Идеалист изумился и замолчал, а режиссер вскрикнул:
— Отлично сказано!
— Они, — продолжал Иван Александрович невозмутимо, — в гуманизм с приятным лицом — тот же, в сущности, смертный оскал. Не советую рубить сук, господа, сидите тихо. Не будет тут Британии. А станете шалить — туда поедет Франкенштейн. Правда, дедушка?

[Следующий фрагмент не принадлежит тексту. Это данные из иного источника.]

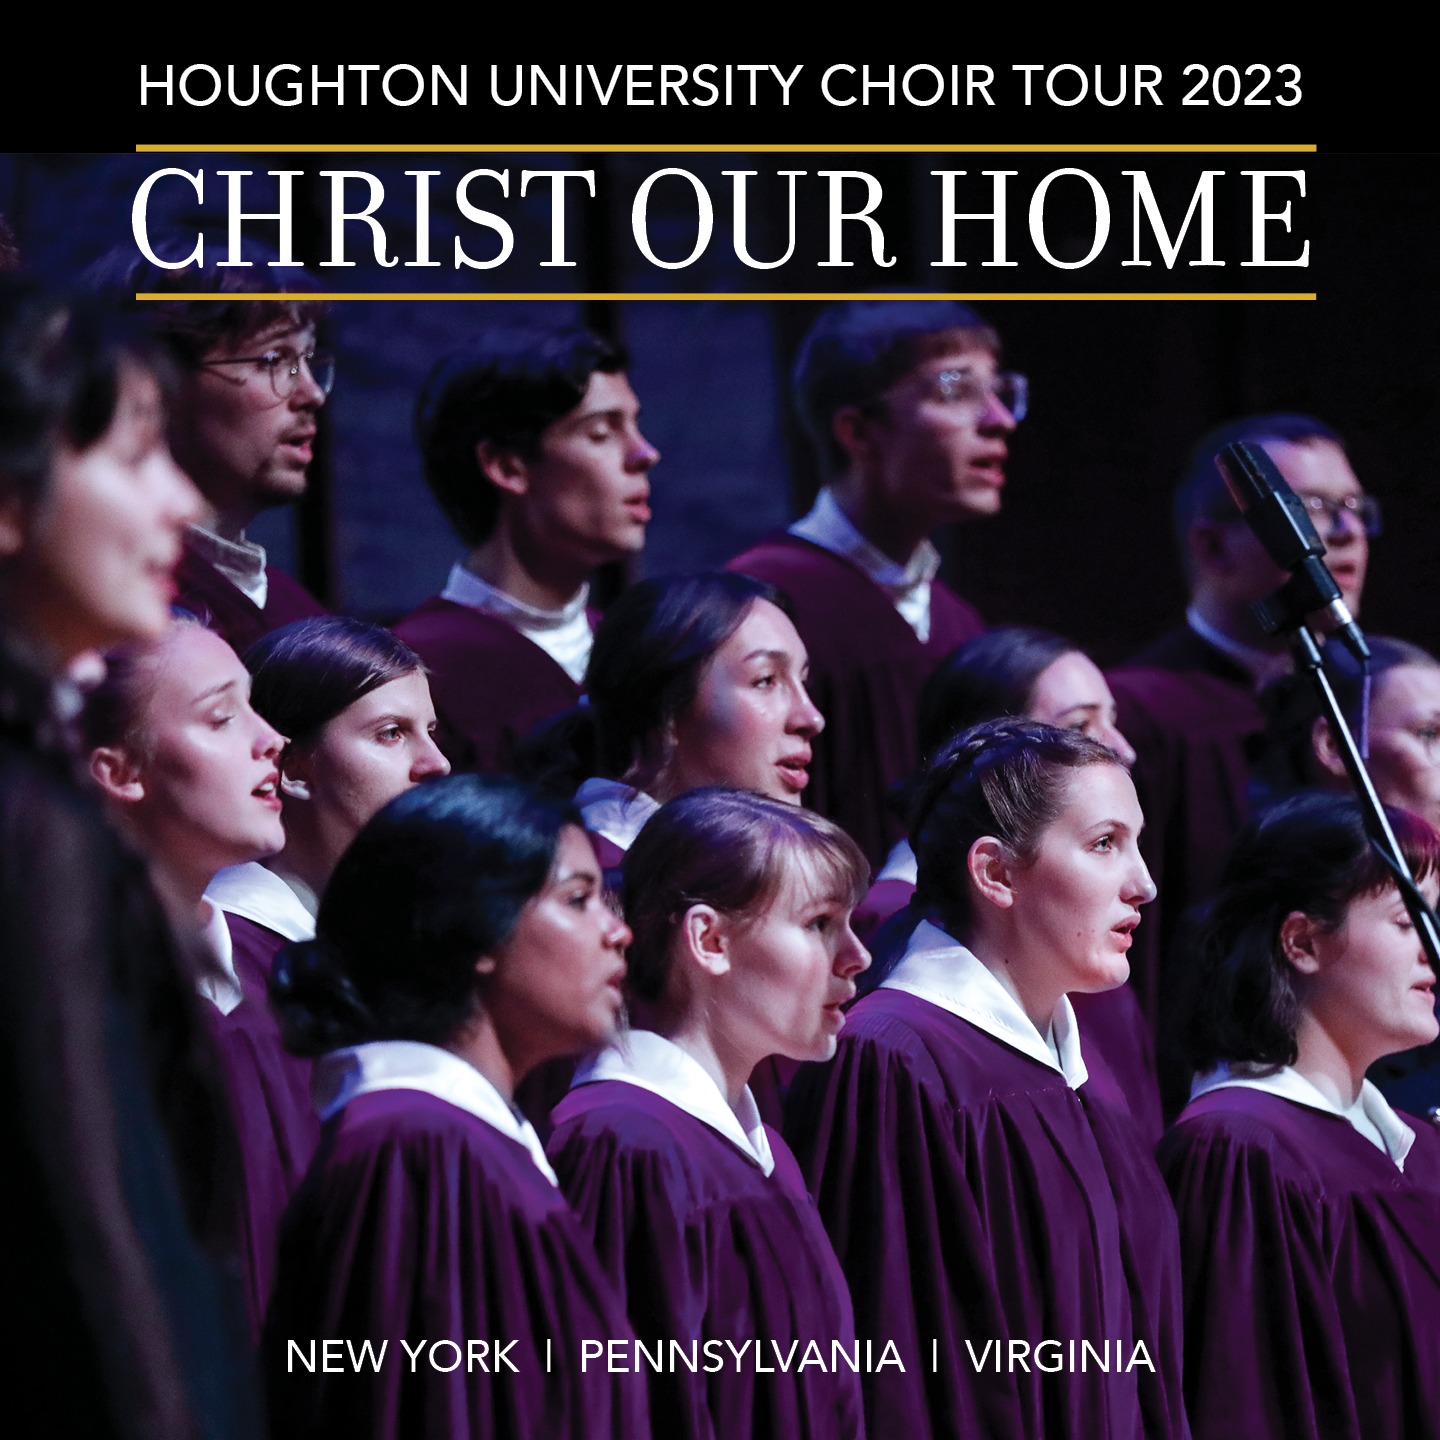 Houghton University Choir Tour 2023: Christ Our Home. Image of our choir, with tour locations in New York, Pennsylvania, and Virginia.
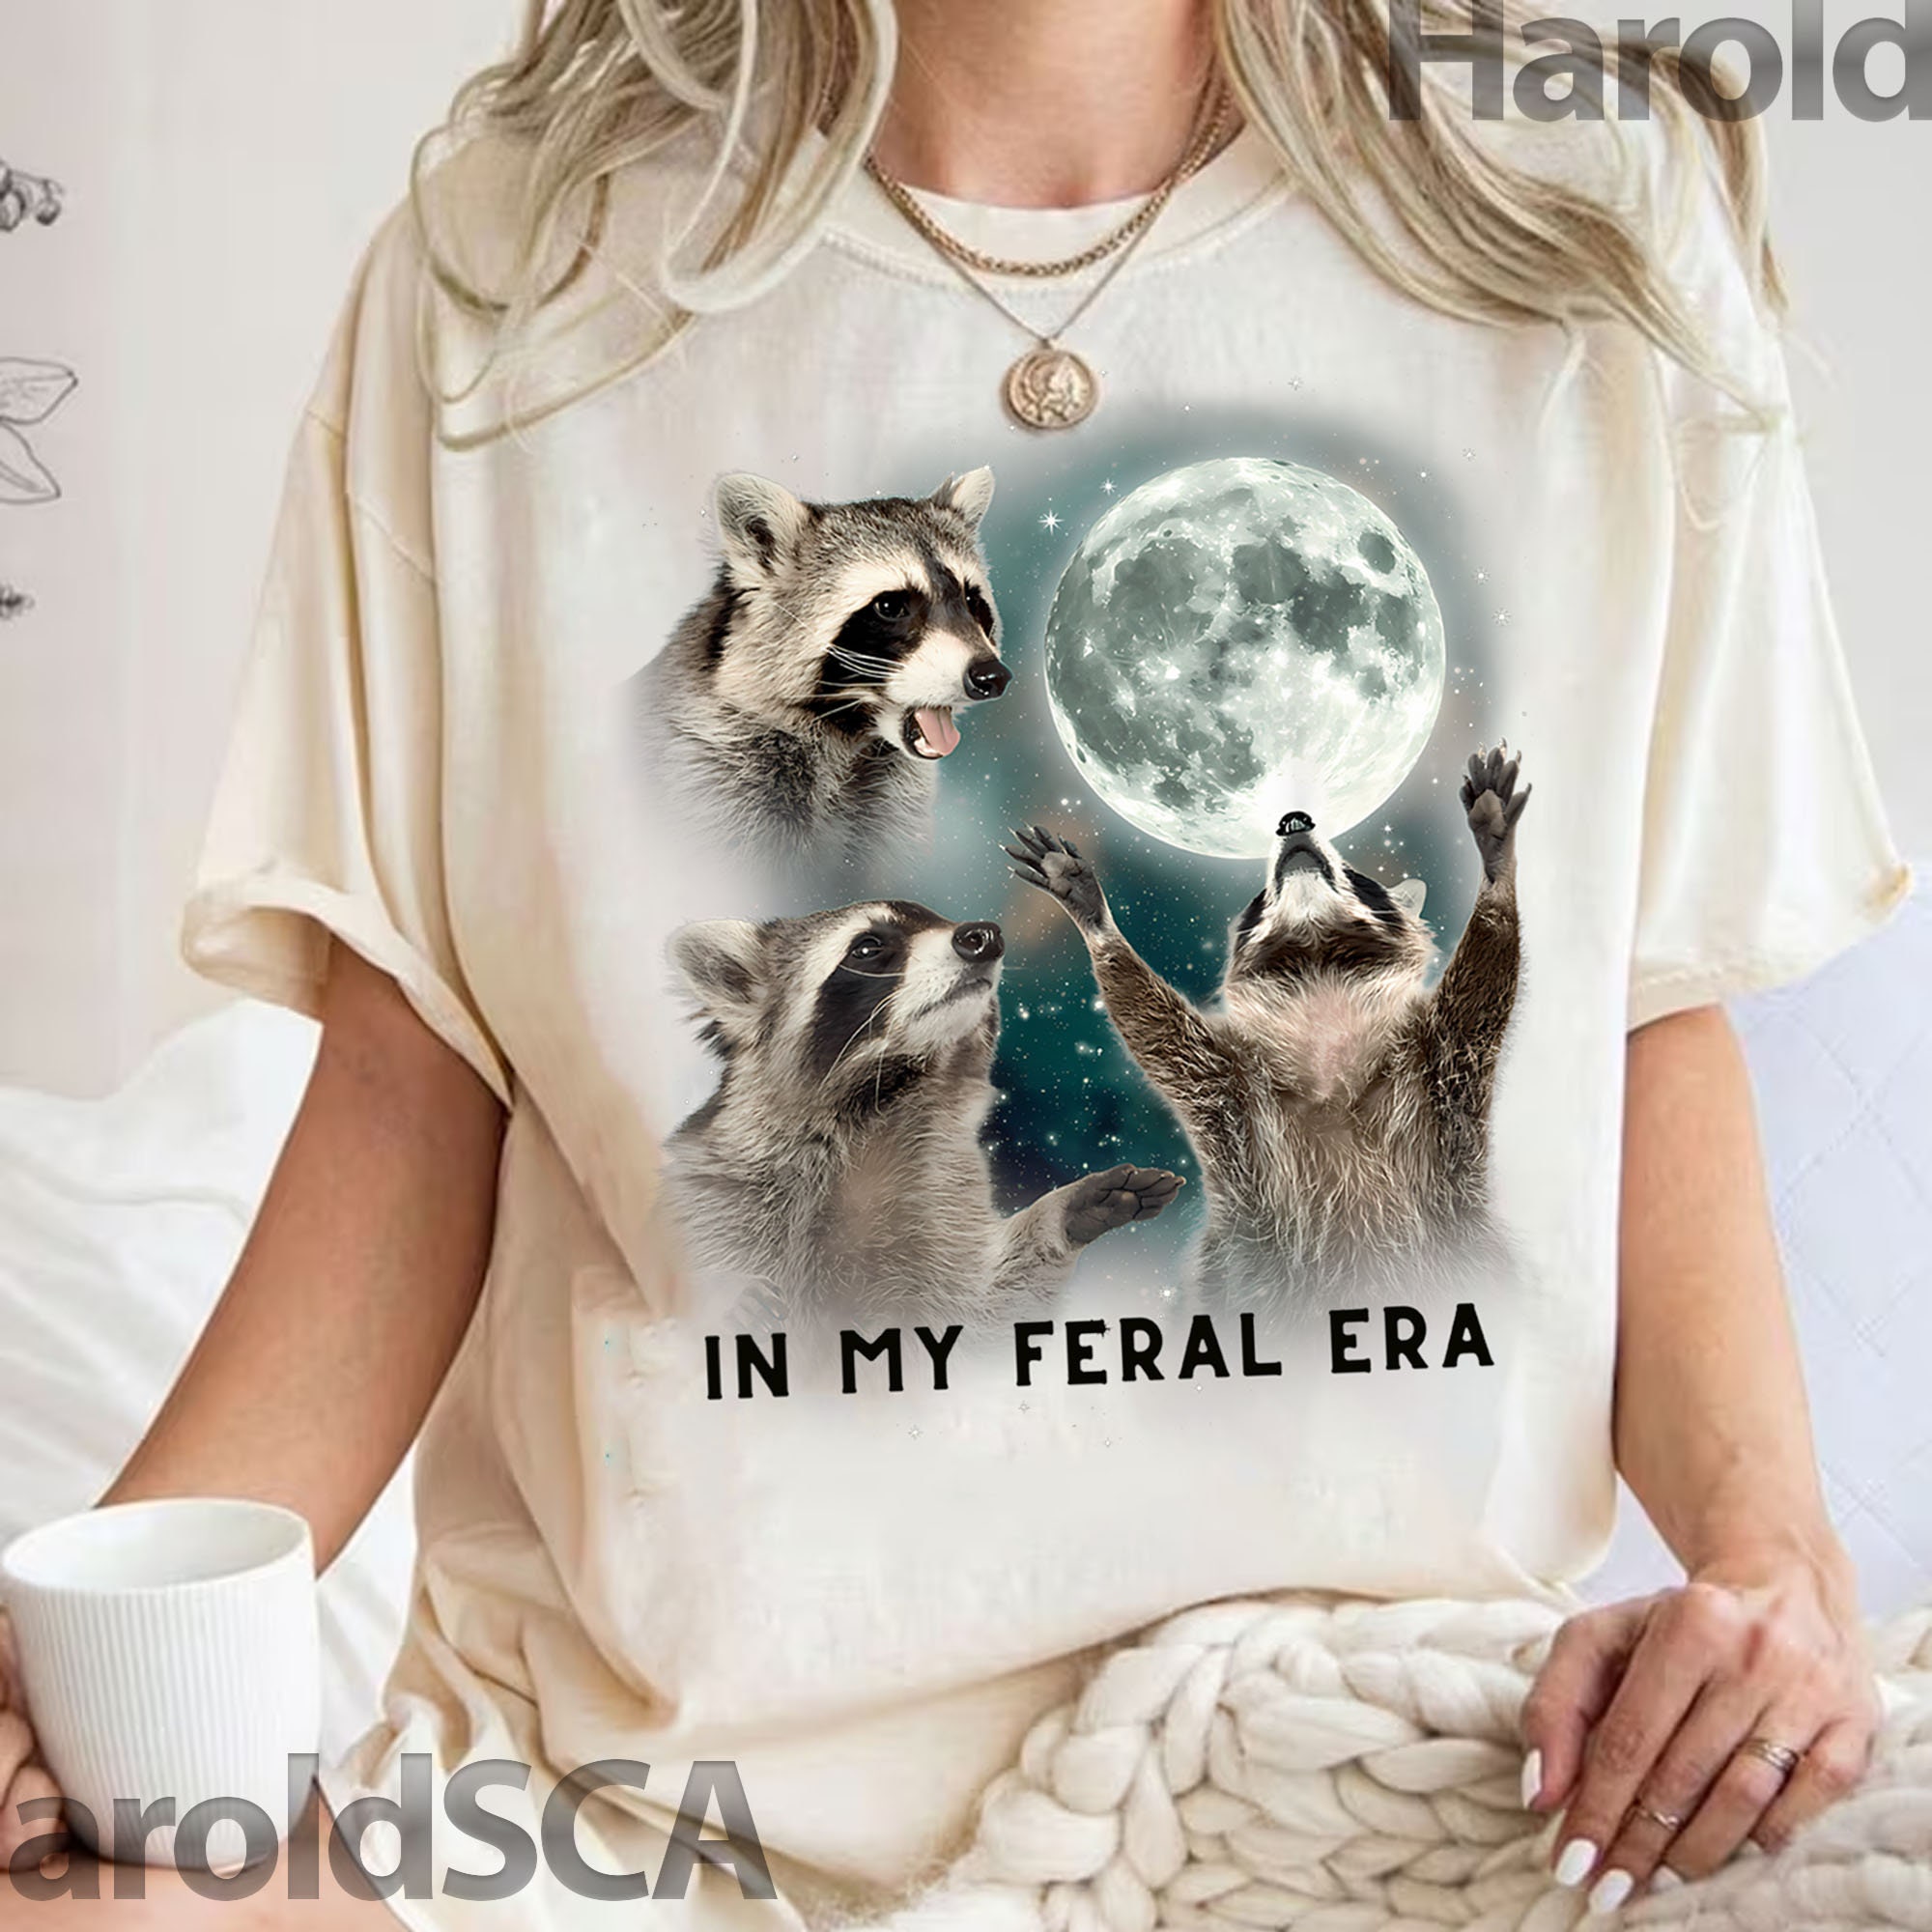 In My Feral Era Racoons Howling at the Moon T-shirt and Sweatshirt - Etsy

— Вообще-то распустились, — согласился идеалист, по-прежнему изумленный. — Но насчет пули вы преувеличиваете…
— Аркадий! — отчеканил Рома. — Это кто такой?
— Ну, вы без меня договоритесь. А нам пора…
— Нет, отлично! — вскричал Гаврила в эстетическом экстазе. — Затылок — лицо, улыбка — оскал, Франкенштейн создал голема. Прелестный каламбур. Давайте на брудершафт!
— Аркадий! — опять отчеканил Рома. — Это провокатор и фашист.
— Франкенштейн? — уточнил Иван Александрович, забавляясь; Лиза отметила, как женщины глядят на него — в зачарованном испуге; а Эдуард протянул безнадежно:
— Нигилист ты, Ванька, пижон ты и бес, и девчонку себе такую же нашел.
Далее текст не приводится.